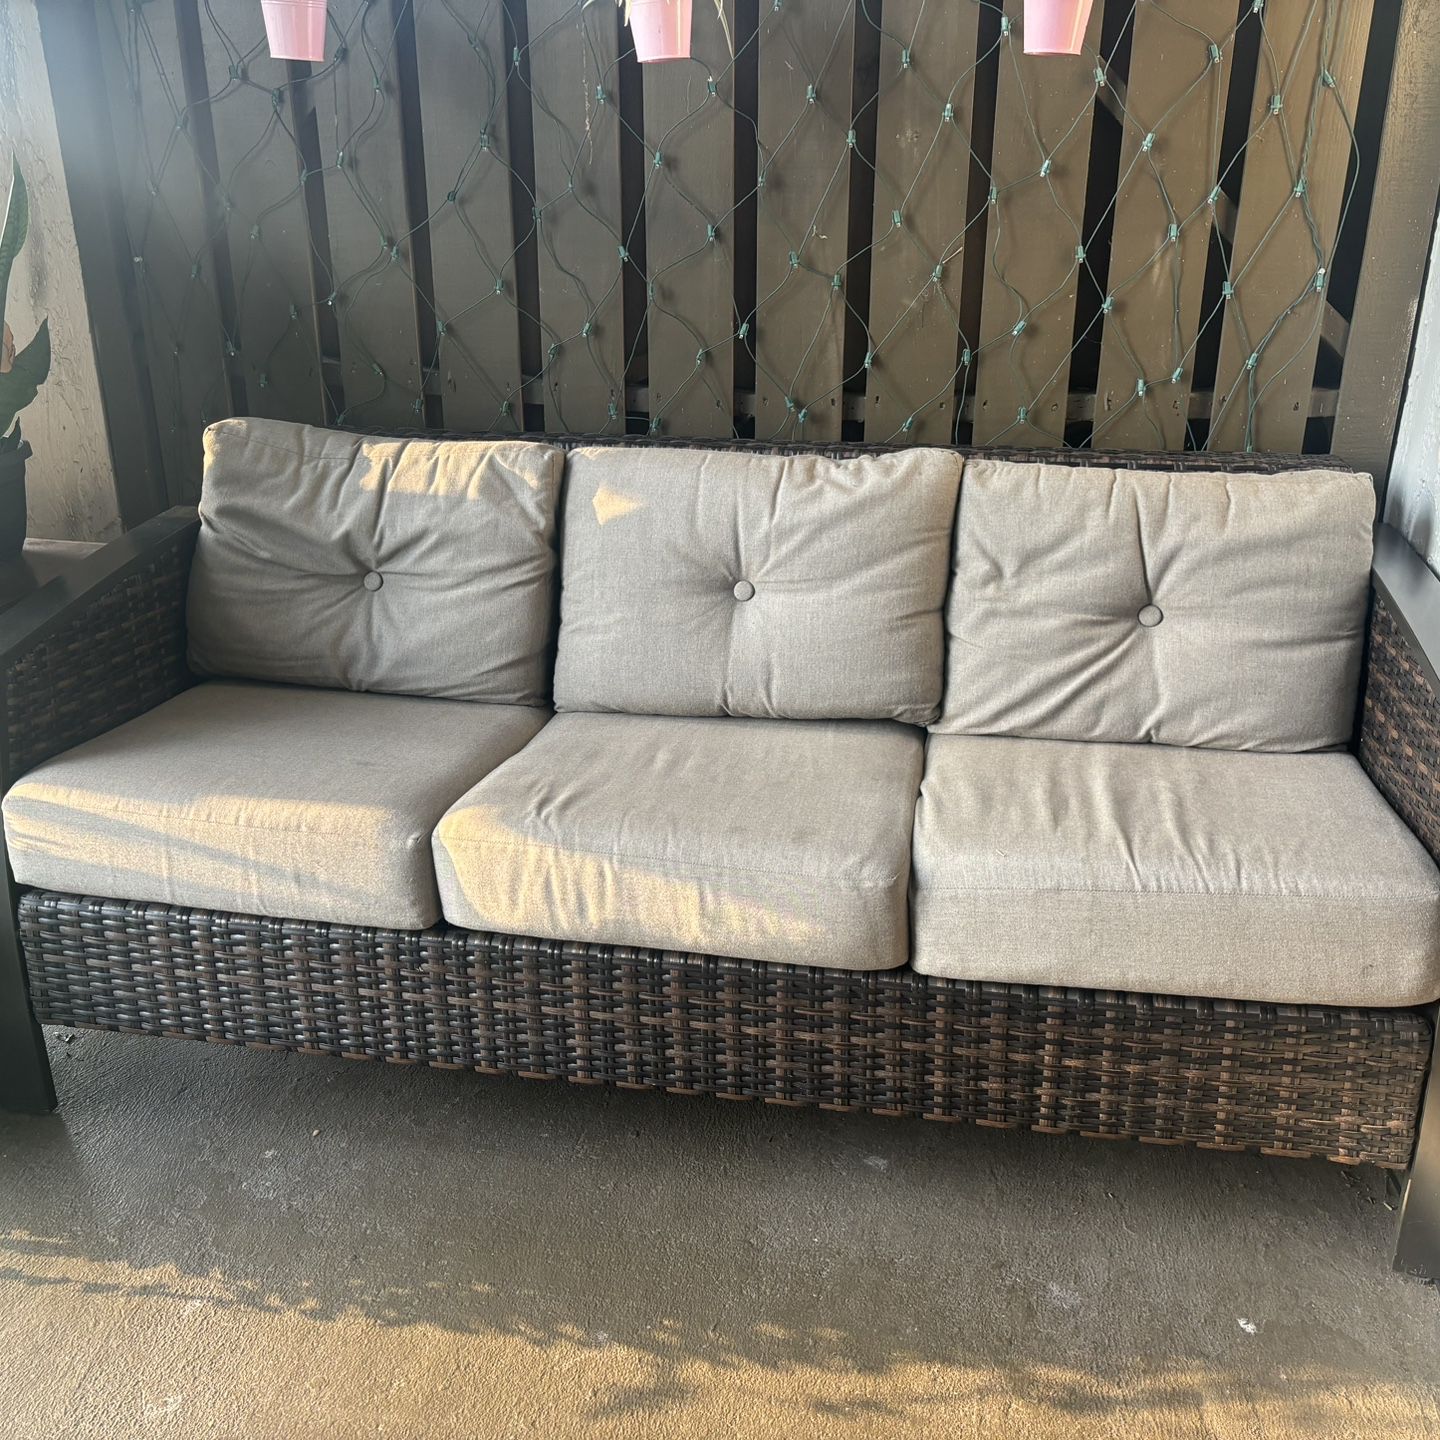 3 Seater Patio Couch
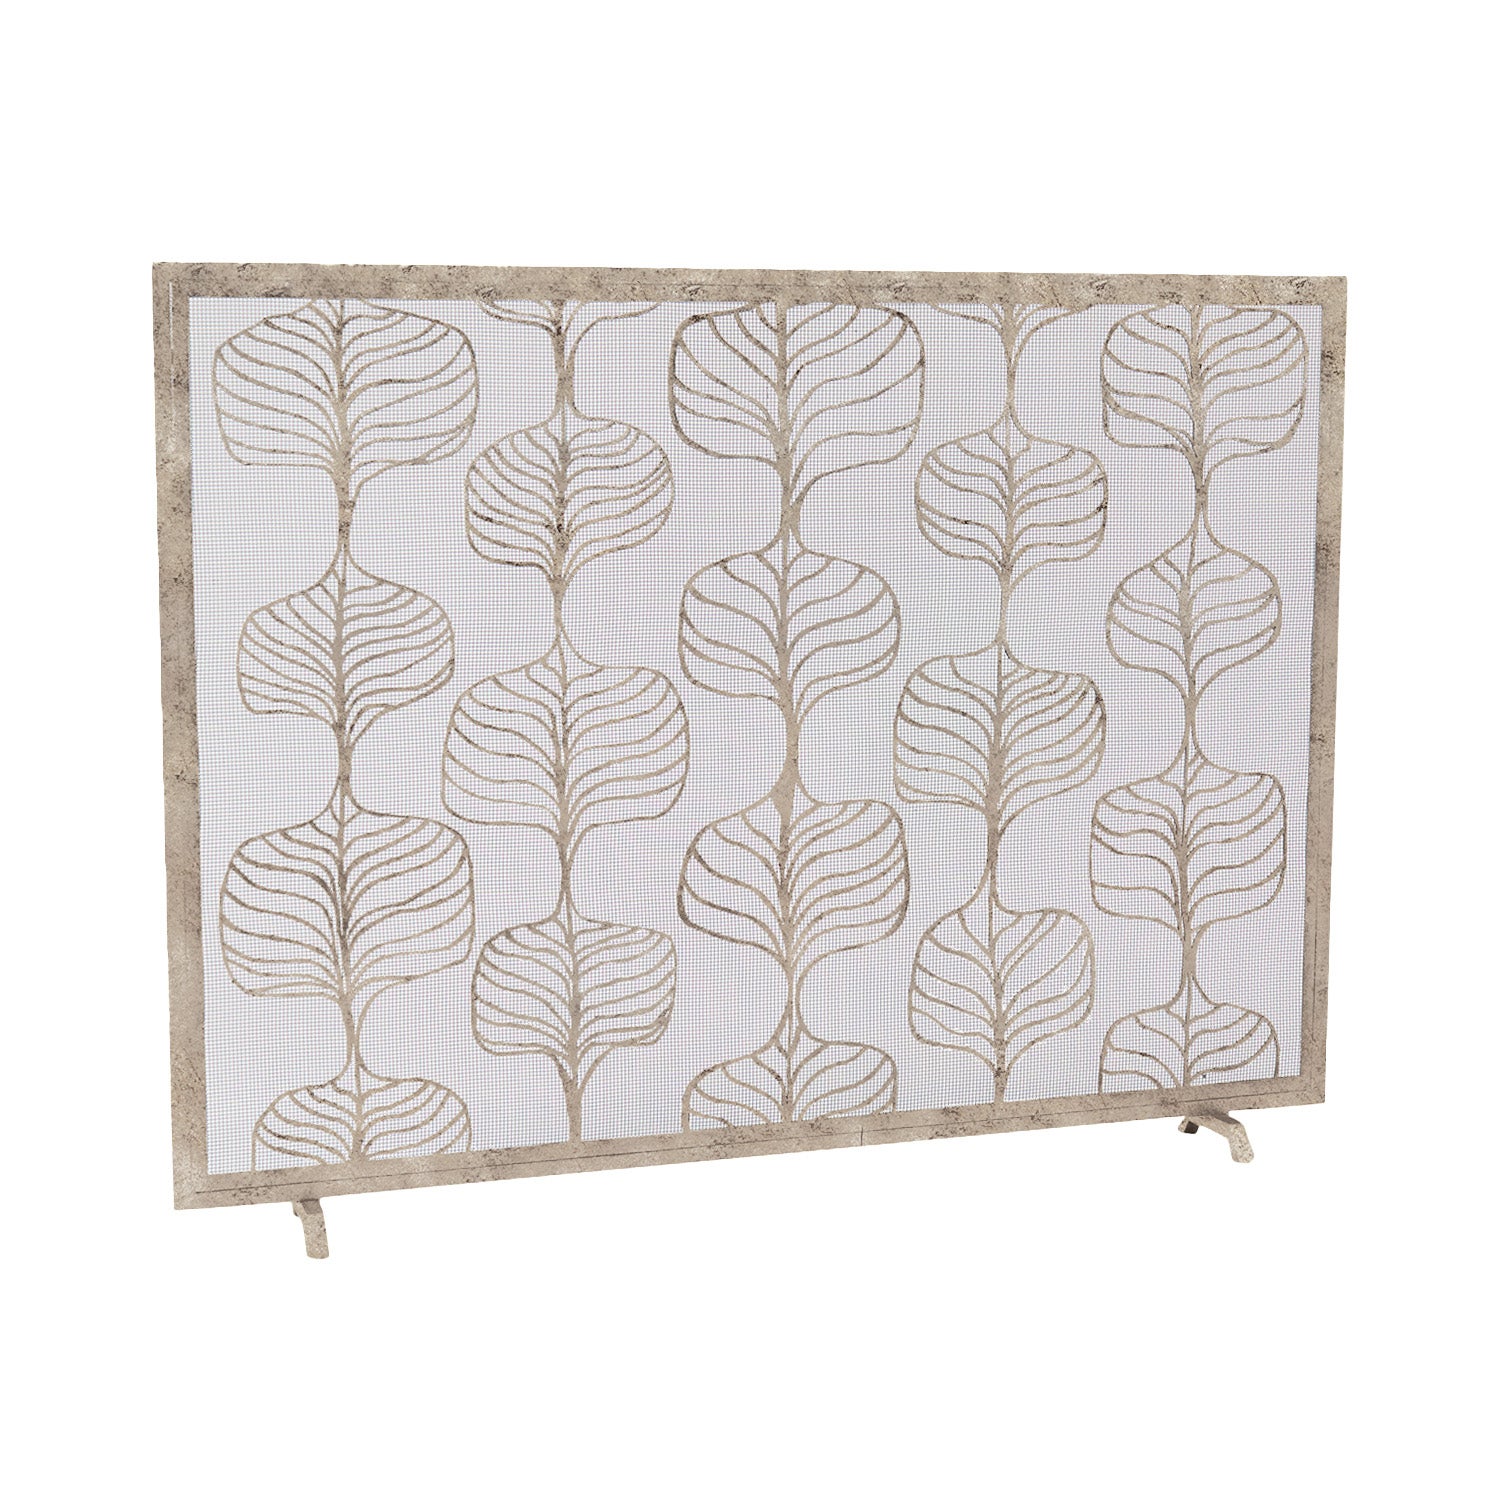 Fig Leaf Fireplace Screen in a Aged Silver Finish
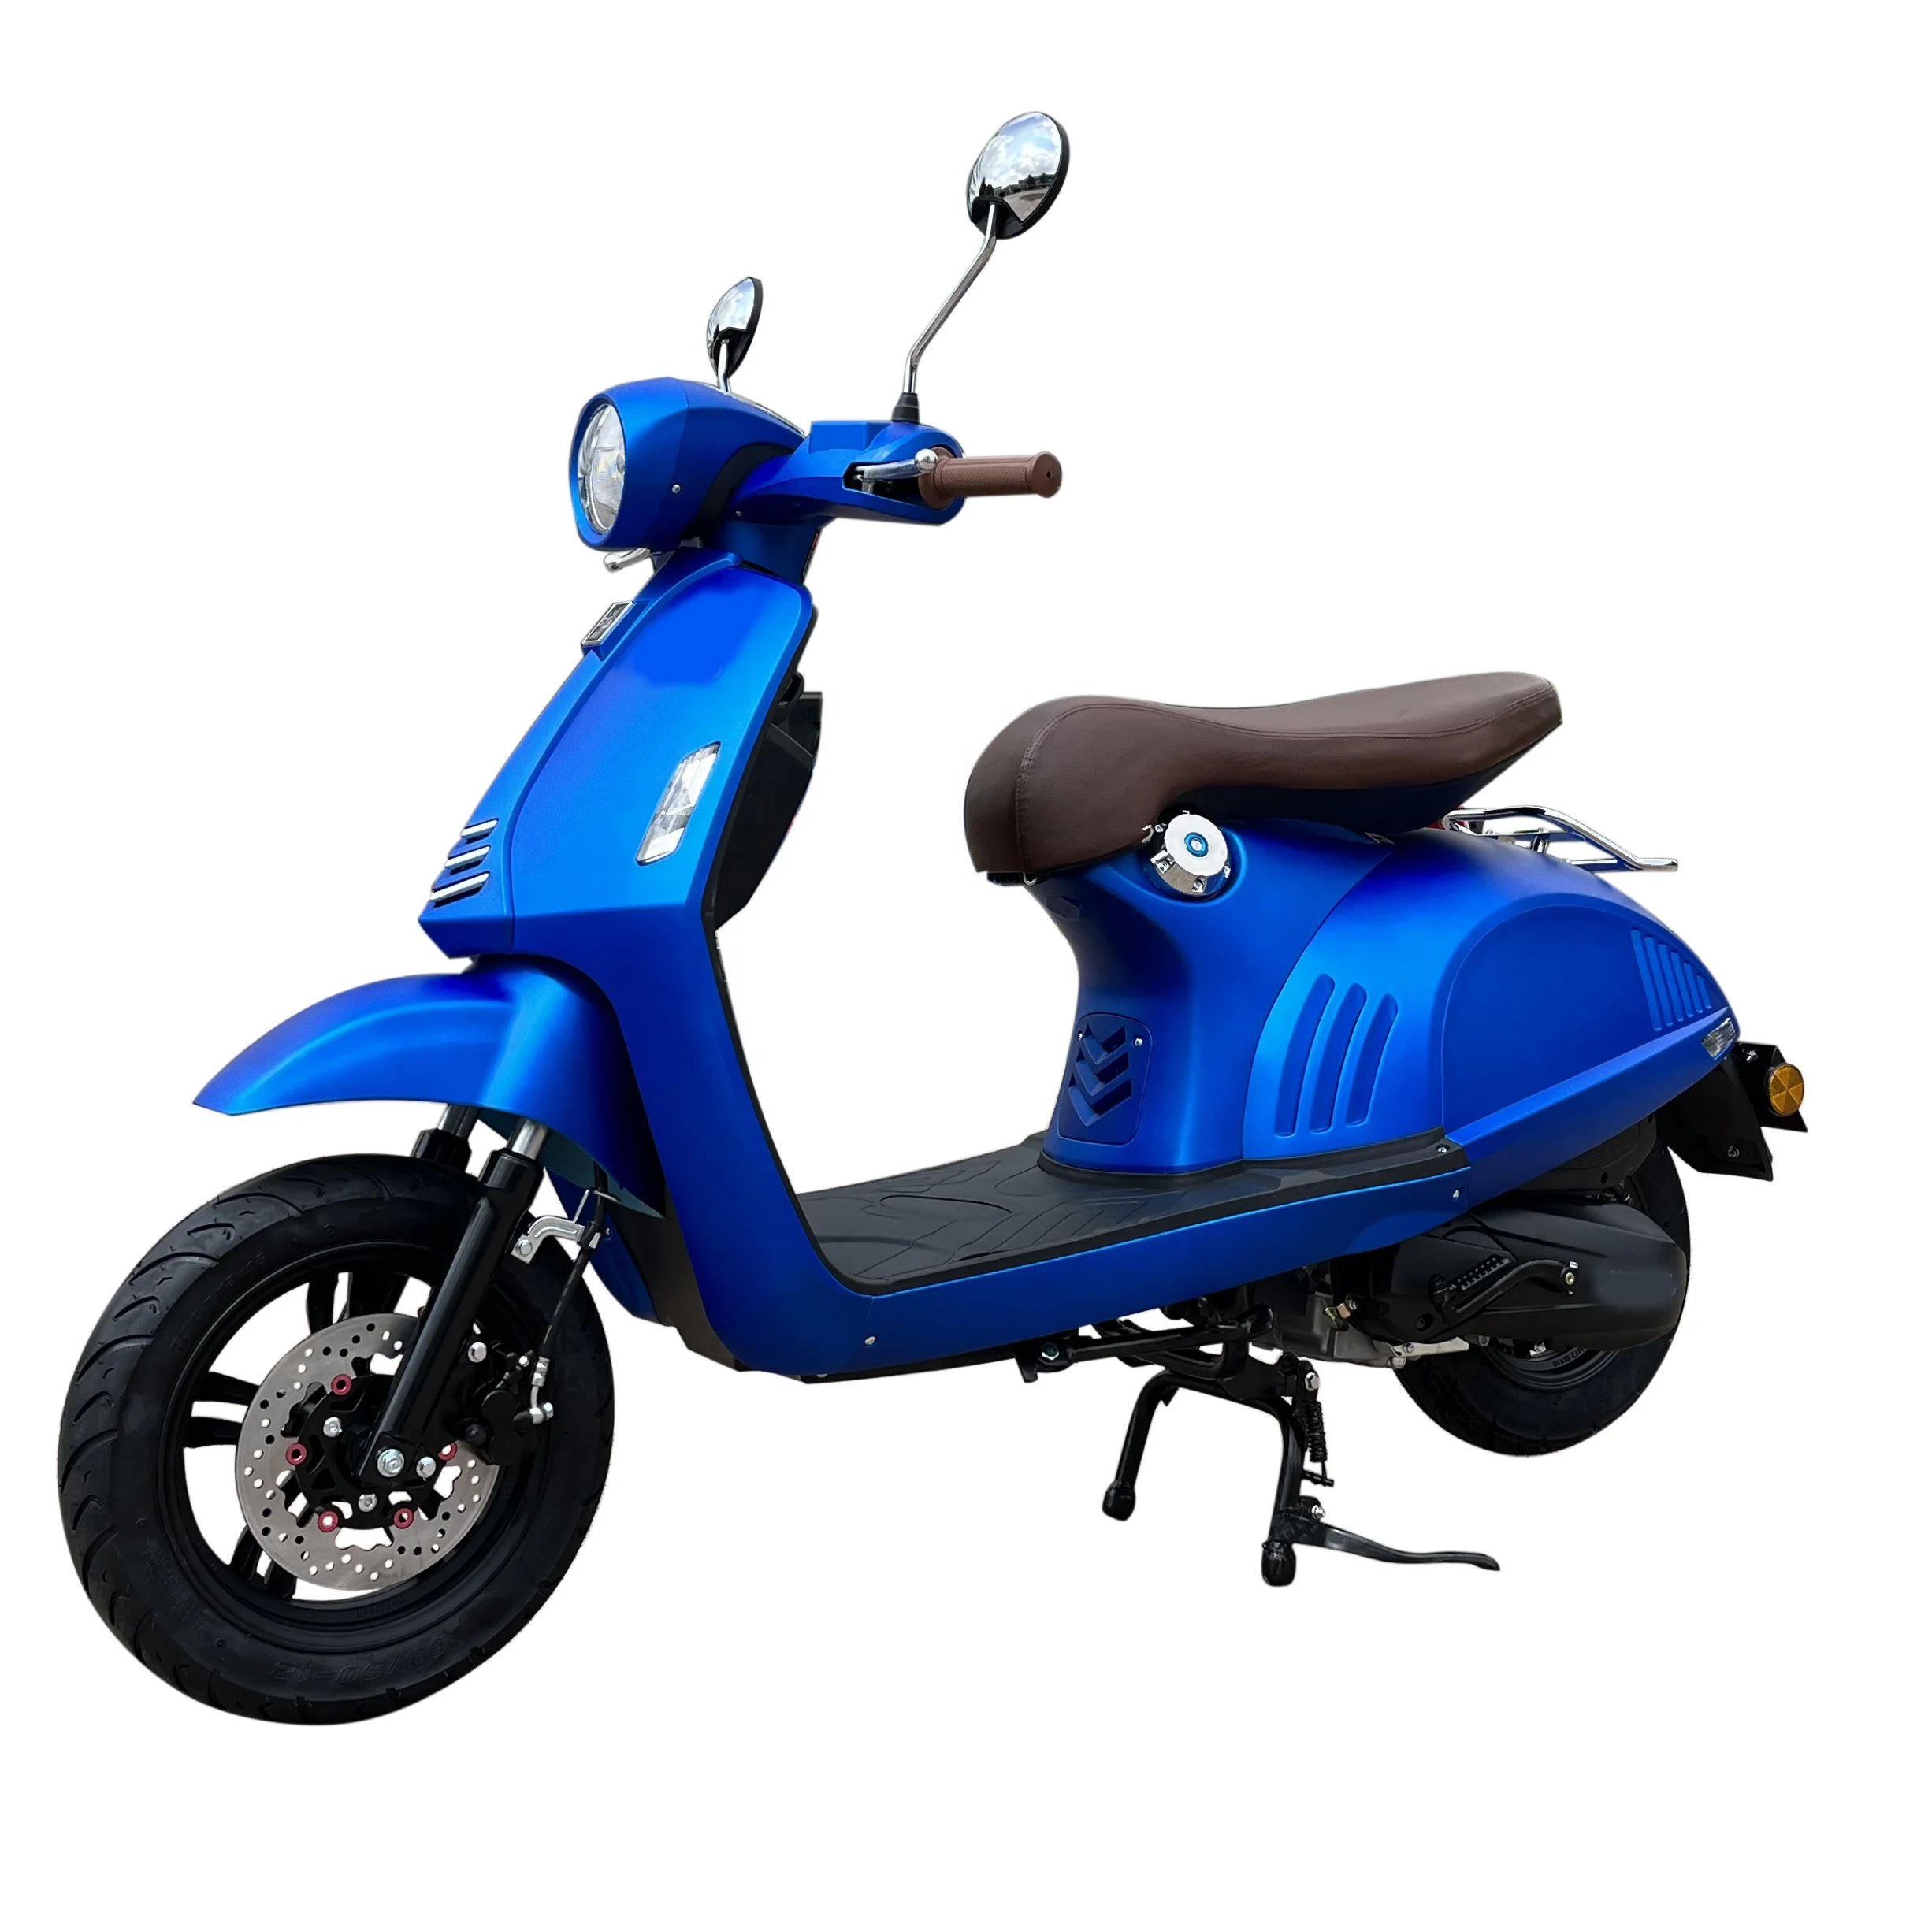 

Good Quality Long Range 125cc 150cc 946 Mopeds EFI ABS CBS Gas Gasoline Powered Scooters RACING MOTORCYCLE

▶ **WORK ITEM**: In full and without change, repeat the material above, minus the pictures.

▶ **COMPLETED TASK**:
 3 Seater Patio Couch
 Fig Leaf Fireplace Screen in a Aged Silver Finish

Good Quality Long Range 125cc 150cc 946 Mopeds EFI ABS CBS Gas Gasoline Powered Scooters RACING MOTORCYCLE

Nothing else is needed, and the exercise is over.